PCI Service Provider Dilemma: A Chain Can Control The Manager But Not The Managed

When a retailer outsources any function to a third party, it can protect itself through legal contracts (the threat to sue) and through early termination or simply not renewing the service (the threat to stop giving the third party money). But in the PCI payment-card-data-protection world, responsibilities and punishment for non-performance become a lot murkier.

In this week's PCI column, Walter Conway makes an eloquent argument that chains must take special care to protect their data when changing processors. But Walt only briefly touches on the responsibility issues involving those processors. In Requirement PCI 12.8, the PCI powers-that-be mandate that the retailer properly manage the service provider, but they don't say what happens if the service provider does something wrong anyway.

Consider a Fortune 500 manufacturer's VP of Sales and Marketing.
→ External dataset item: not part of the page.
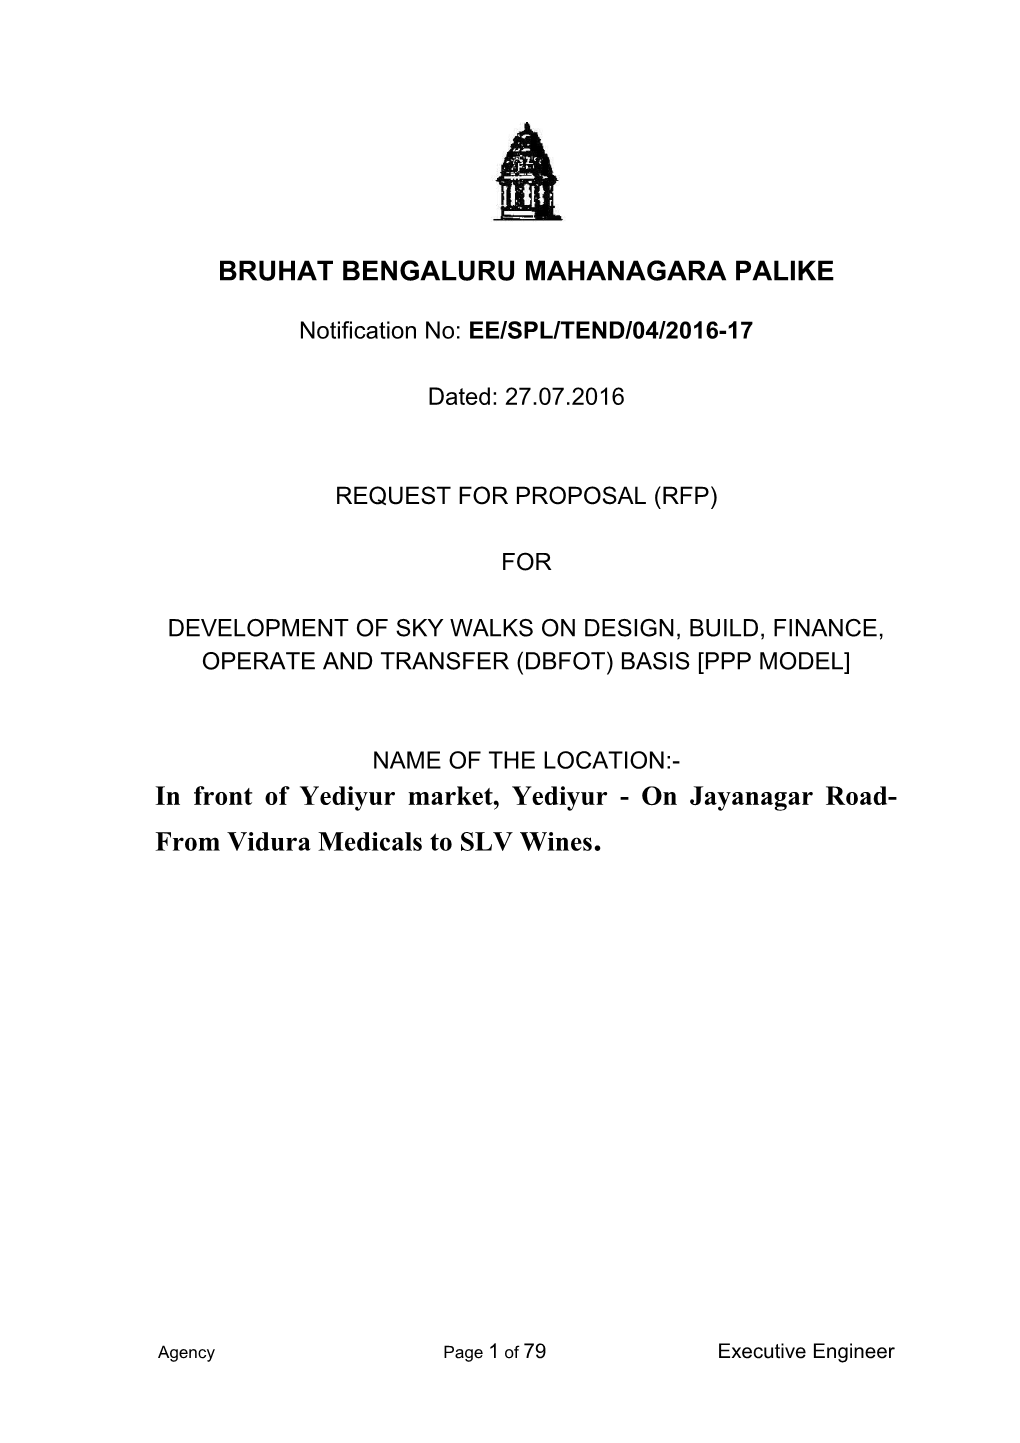 Bruhat Bengaluru Mahanagara Palike

Let's say she's put in charge of managing a large advertising agency doing work for the chain. When things go wrong with that agency, the CEO might ask her what's happening. But after the CEO reviews E-mails and sees that the VP did indeed instruct the agency properly—and that she tried to monitor that provider as closely as practical—he is satisfied that she is not at fault. Let's call that Action Responsibility, where you're responsible only for your own actions.
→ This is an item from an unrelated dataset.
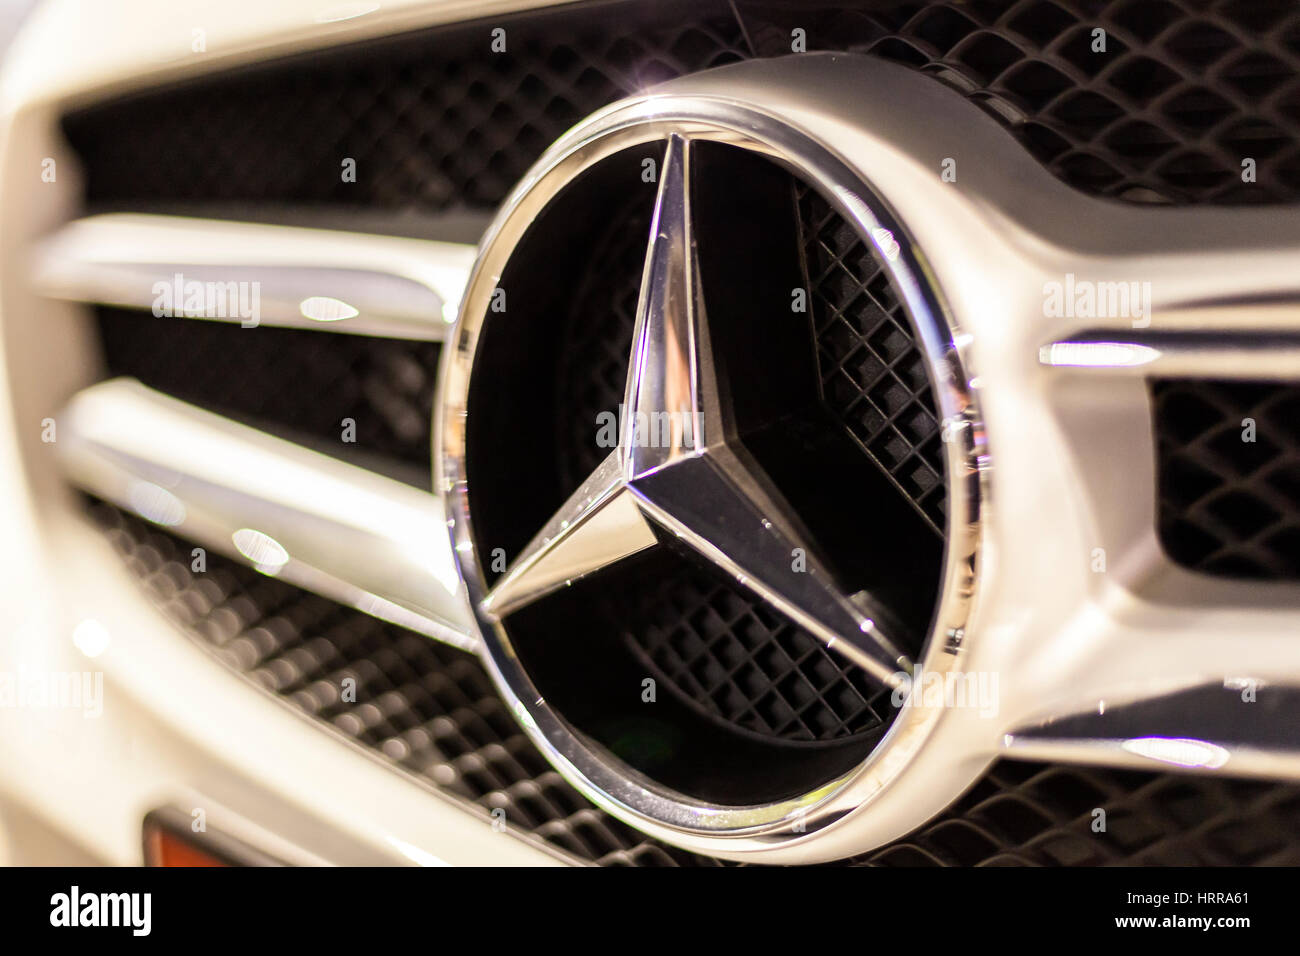 ABU DHABI, UAE - NOV 26, 2016: Mercedes Benz company logo on a car illuminated at night Stock Photo

But during the same day, the CEO also learns that a huge client prospect has slipped away into the coffers of a direct rival. In that case, even though the sales VP did everything properly, all sales execs knows that a dead account is their fault, regardless of what they did.

This is the same rationale that holds that a CEO is at fault for major company problems even if he did not personally do anything wrong. It simply comes with the territory. This point could be called Results Responsibility, where you're responsible for whatever happens in your area, either through your own actions or the actions of people who report to you on projects for which you are responsible.

Does PCI 12.8 see retailers as having Action Responsibility or Results Responsibility? And which should they have?

Requirement 12.8 speaks to a rule that a retailer must do a range of things to properly manage the service provider. But it's mum on what happens if the service provider opts to ignore your dutiful management efforts.

The phrasing in subsection 12.8.2 gets the closest by saying "Maintain a written agreement that includes an acknowledgement that the service providers are responsible for the security of cardholder data the service providers possess." But it still doesn't say whether the retailer is responsible should that properly managed service provider get breached.

A parent can give all of the proper instructions to a child, but if the child disobeys and breaks the vase in the shop, the parent is still responsible. Is that the intent here? Sure, the retailer can always sue the wayward service provider. But that sidesteps the issue of PCI responsibility. Where does it stop?

The payment landscape is sharply changing. Companies—such as Blippy—are actively using payment card data, even though they may not accept payment card payments. To be precise, the data they are using has nothing to do with the data they are getting if they do choose to accept a credit card. And yet those companies are clear of any PCI responsibilities.

Mobile companies—led by Apple—are trying to carve out a new payment environment where mobile charges appear on a carrier's bill. If Apple, for example, uses iTunes to process payments and another company uses eBay's PayPal, how does that play into PCI?

Perhaps we are at a stage where PCI needs to expand to anyone who uses credit and debit transactions? Perhaps a processor and other outsourced services should, in effect, have to subcontract PCI responsibilities from the retailers. That way, if a processor screws up and a chain's data is damaged, any fines and punishment would go directly to that processor and not impact the retailer at all.

Responsibility should have its basis in fairness. And with today's expanding payment arenas, fairness is something we're seeing far less of.